How Do Americans Feel About Returning to Work?
A recent survey paints a none-too-optimistic picture.
Posted Jun 02, 2020
As America gradually reopens following its pandemic lockdown, an important question becomes: How do people actually feel about returning to their jobs?
This issue was probed by a recent survey from The Wellbeing Lab, a consortium of workplace wellness experts. (It's worth noting this survey was conducted in early May, before the nationwide protests and social unrest following the death of George Floyd. But it's difficult to imagine how anything that has occurred since the research was released May 21 would make the results more positive.)
What are some of the survey's key findings? In general, while management and business owners are often eager to get operations up and running, the story is quite different from the people on the shop floor actually doing the work.
Eighty-four percent of American workers report "really struggling" with employment-related matters. The reasons include mental health (37 percent), changes at work (27 percent), and managing money at home (23 percent).

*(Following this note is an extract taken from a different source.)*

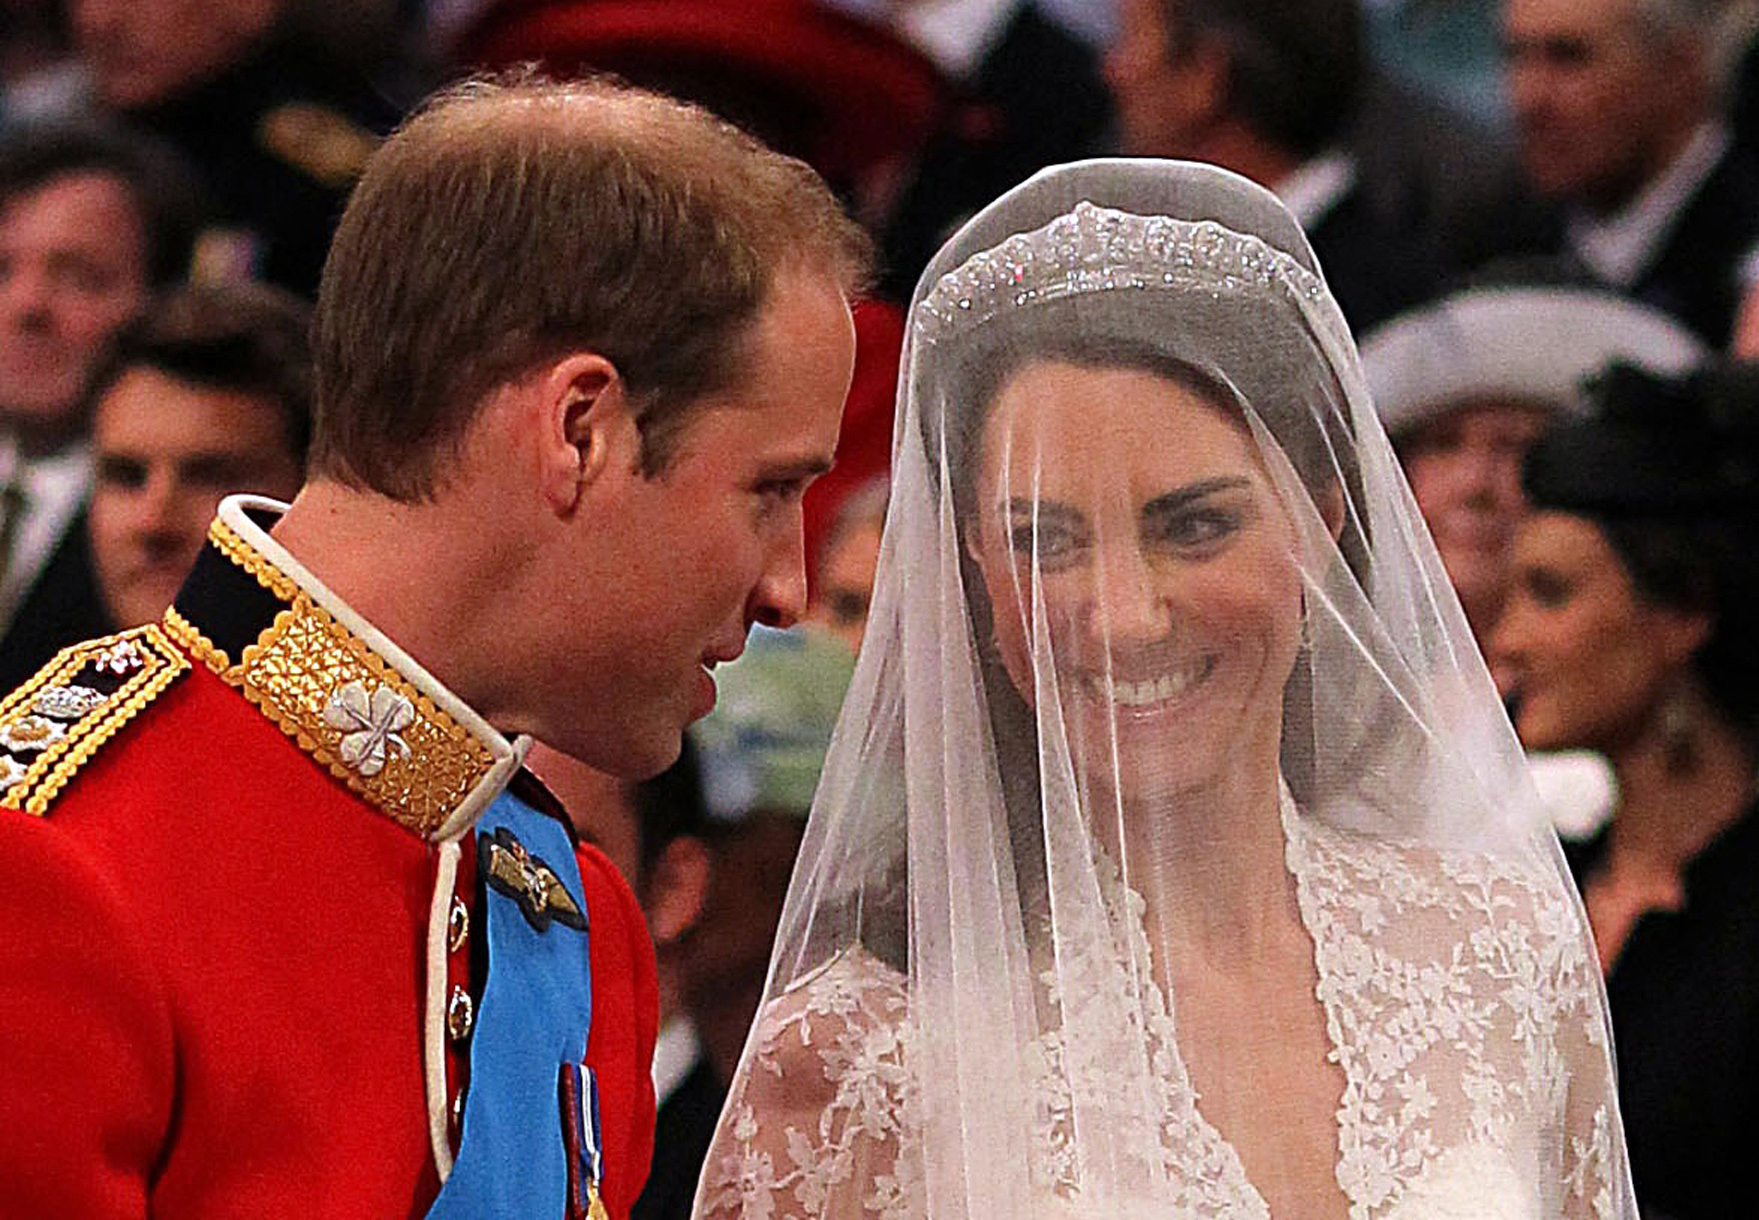 Myths about royal wedding dresses... shattered

Only 13 percent say they are "consistently thriving."
Additionally (and significantly), related directly to the coronavirus pandemic, workers are dining on an unsettling stew of conflicting pressures. Only 22 percent feel positive "about the prospect of returning to the office as the pandemic restrictions ease." Many see it as a Catch-22 situation with no easy solution: 85 percent of workers feel "worried and anxious they may catch COVID-19," yet 85 percent are also "worried and anxious they may lose their jobs." (Not to mention the very real possibility of keeping the job, catching the virus, showing no symptoms yourself and asymptomatically transmitting it to someone else.)
In short, damned if you do, damned if you don't. It's a recipe for workplace stress far more than peace of mind.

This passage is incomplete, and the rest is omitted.